Disclosure of Invention
In view of the above disadvantages of the prior art, the present invention aims to provide a cell-targeted polypeptide for treating bone tumor, a preparation method and a use thereof, which are used for solving the problem that the safety and the effectiveness of bone tumor cell-targeted drugs in the prior art cannot be considered at the same time.
To achieve the above objects and other related objects, the present invention includes the following technical solutions.
In a first aspect of the invention, there is provided an isolated polypeptide having a structure according to formula i:
Dm-X-Rn-C is shown as formula I,
in the formula I, m is the number of aspartic acid, and m is more than or equal to 6 and less than or equal to 10; n is the number of arginine, n is more than or equal to 6 and less than or equal to 10, and X is a polypeptide fragment which can be recognized and cut by MMP.

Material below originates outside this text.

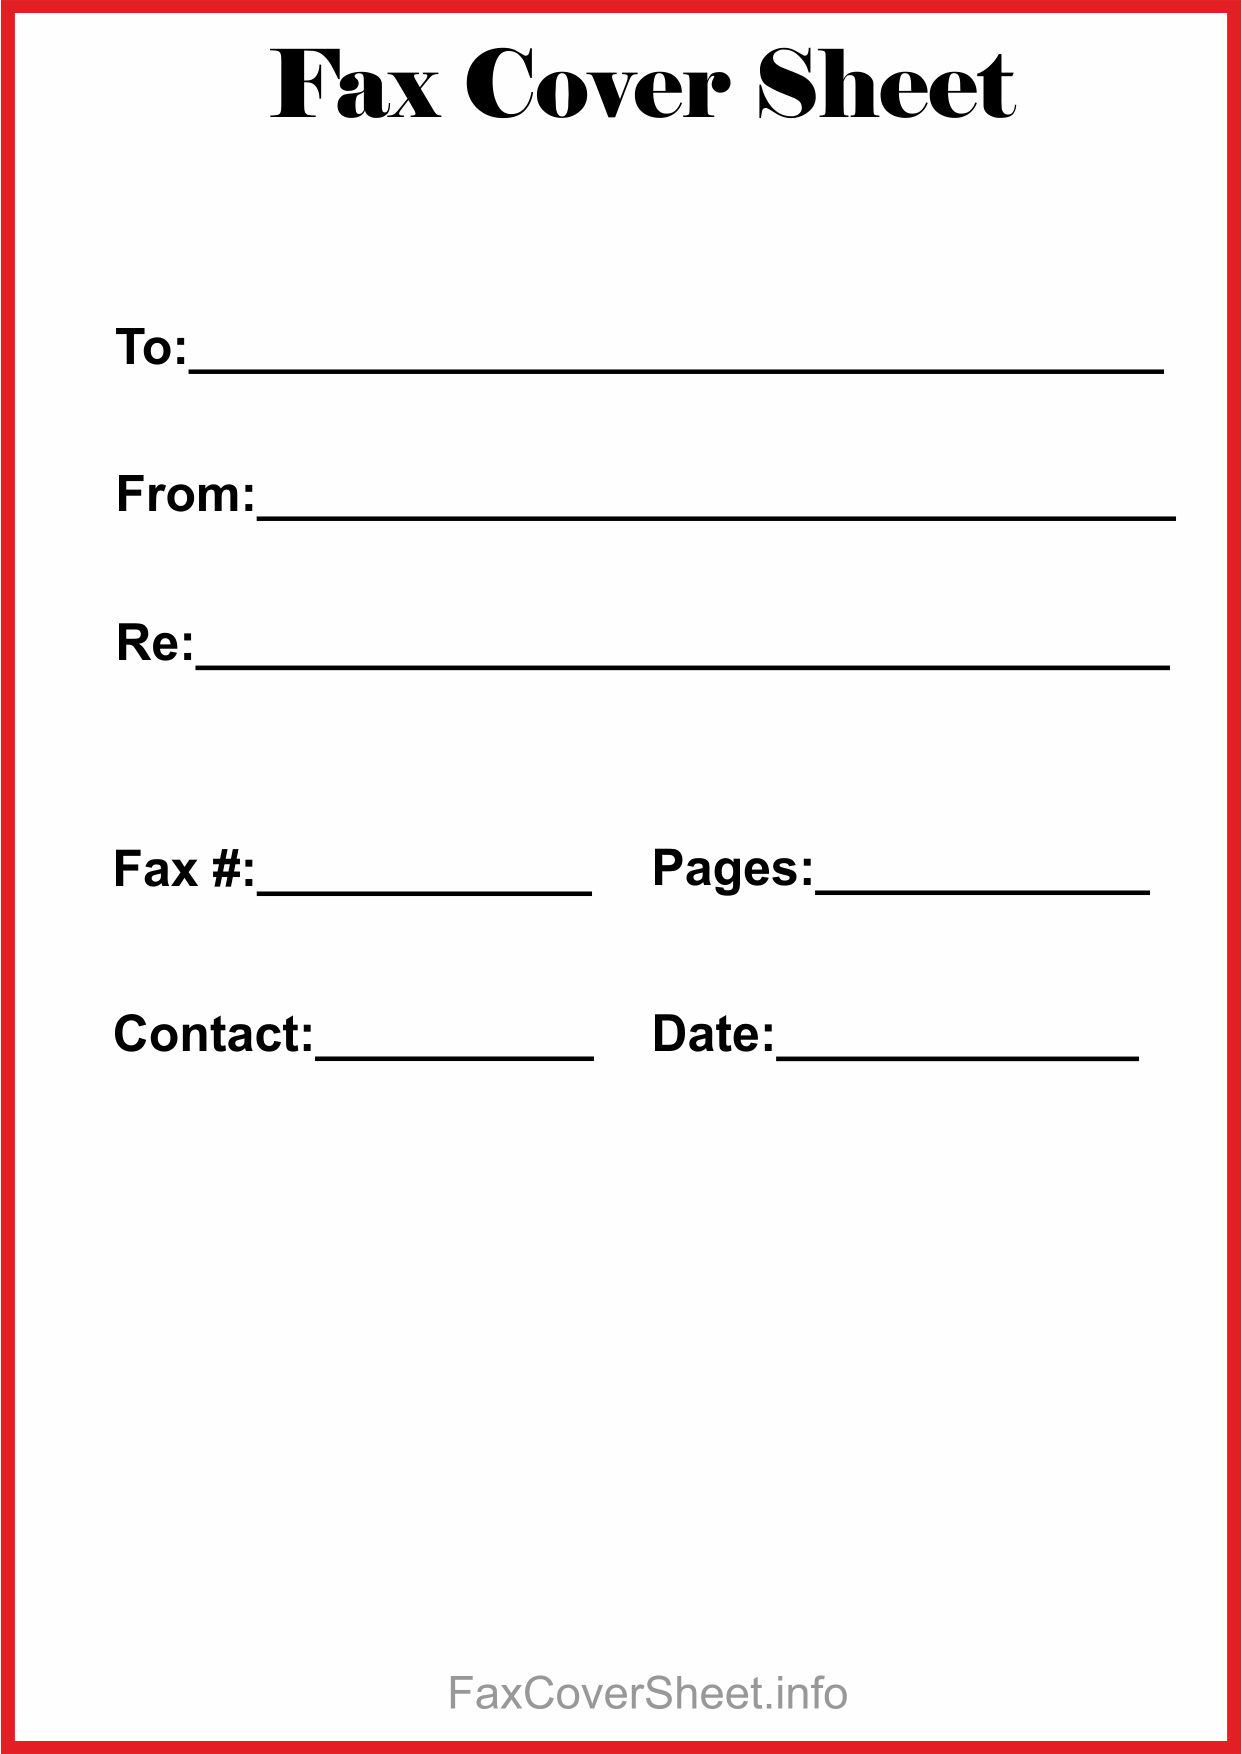 Free]^^ Fax Cover Sheet Template - Free Printable Fax Cover Sheet

The polypeptide as described above, wherein m is 8 and n is 8.
The polypeptide according to the above, wherein the amino acid sequence of X is selected from any one of the following:
Figure GDA0003767028350000021
the application also discloses a composite particle modified by the polypeptide, wherein the composite particle is a polydopamine or polydopamine nano-composite particle modified by the polypeptide; the polydopamine nano-composite particle takes a metal organic framework as an inner core and takes polydopamine as an outer layer.
According to the composite particle, the size of the polydopamine nano-composite particle is 80-200 nm.
According to the composite particle, the metal organic framework is polydopamine and Mn 2+ And Co 3+ A hybrid material with intramolecular voids formed by coordination bond self-assembly.
According to the composite particle, the molar ratio of the polypeptide to the polydopamine or polydopamine nano-composite particle is (5-100): 1.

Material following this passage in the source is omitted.